Dalam berbagai acara seminar kampus, gagasan seputar moderasi beragama kian berdengung. Kata moderasi sendiri selalu dipertentangkan dengan istilah radikalisme dan ekstremisme. Berbagai kejadian yang telah lalu pun diungkit lagi untuk menguatkan gagasan moderasi beragama.
Lantas apa moderasi beragama itu?Moderasi secara bahasa, moderatio dalam bahasa Latin, moderat dalam KBBI, washatiyah dalam bahasa Arab. Kesemua itu memiliki arti sedang, pertengahan, standar atau tidak berlebih-lebihan. Disandingkan dengan kata beragama, memiliki maksud berlaku sedang, tidak berlebih-lebihan dalam mengamalkan ajaran agama yang dianut.
Merujuk kepada nalar kritis para ahli, moderasi berarti tidak ke kanan dan tidak ke kiri. Seperti dikemukakan oleh Prof. Komaruddin Hidayat, moderasi beragama berangkat dari kutub ekstrim kanan dan ekstrim kiri.
Secara general jika arti moderasi itu telah tepat tidak berlebih-lebihan, maka moderasi beragama dapat dimaknai sebagai porsi bagi penganut agama dalam menjalankan ajaran agamanya masing-masing. Dengan begitu moderasi tidak bisa diidentikkan dengan satu agama saja, semua penganut agama di Bumi Pancasila harus menjadi penganut agama yang moderat.
Sehubungan dengan radikalisme dan ekstremisme yang selalu dipertentangkan dengan moderasi, maka perlu dilihat dengan kacamata beragama agar alasan munculnya paham radikal dan ekstrem itu menjadi sedikit lebih jelas.
Para radikalis dan ekstremis kanan muncul karena memberikan porsi berlebihan memahami agama secara tekstual. Sehingga dalam menjalankan agama, apa saja yang ada pada teks dianggap sebagai kebenaran yang tidak terbantahkan. Dan apa saja yang tidak ada pada teks, maka dianggap telah melenceng dari ajaran agama.
Radikalis dan ekstremis kanan cenderung tidak melihat kondisi realitas, bahwa menjadi penganut agama dalam sebuah negara terdapat keberagaman yang harus diakui. Para radikalis dan ekstremis kanan ini memiliki semangat yang sangat besar untuk menerapkan hukum yang berlaku dalam agamanya.

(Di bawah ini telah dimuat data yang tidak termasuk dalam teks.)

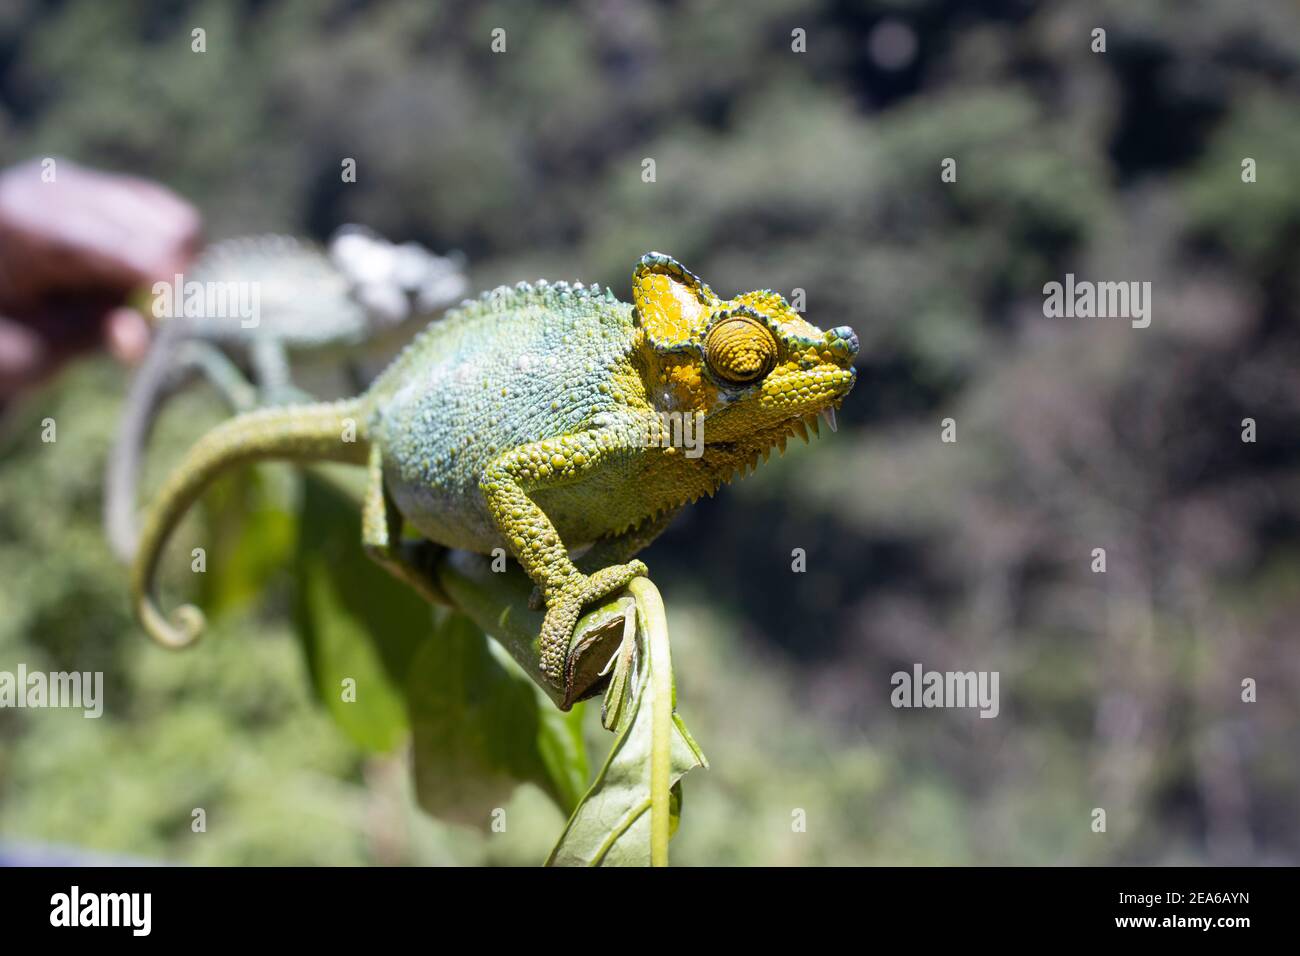 Un dragón empanado verde y amarillo balanceándose en un palo. Foto de stock

Sebaliknya kaum radikalis dan ekstremis kiri muncul karena memberi porsi lebih pada kondisi realitas. Sehingga dalam praksis menjalankan agama cenderung melupakan teks dan hanya berpaku pada akal dalam memahami permasalahan agama. Pemahaman beragama bagi golongan radikalis dan ekstremis kiri memberikan ruang seluas-luasnya pada akal.
Sehingga otoritas teks suci dari tuhan sebagai sumber beragama menjadi terabaikan. Radikalis dan ekstremis kiri, dalam persoalan agama akan berbicara konteks, relevan atau tidak.
Kedua sebab tersebut memiliki dampak yang sama buruknya. Radikalis dan ekstremis kanan akan melahirkan sebuah gerakan dan tindakan anarkis dalam bernegara. Sedangkan golongan radikalis dan ekstremis kiri akan mencoba mengotak-atik ajaran agama yang bersifat ilahi dengan dalil-dalil yang berdiri di atas nama rasionalitas dan kemanusiaan.
Dengan demikian kedua cara pandang beragama tersebut sama-sama tidak ideal. Oleh karena itu diperlukan titik tengah yang kekinian disebut dengan moderasi beragama. Alasannya sangat sederhana, bahwa semua ajaran agama dipastikan menginginkan kedamaian bagi setiap penganutnya dan orang di sekelilingnya.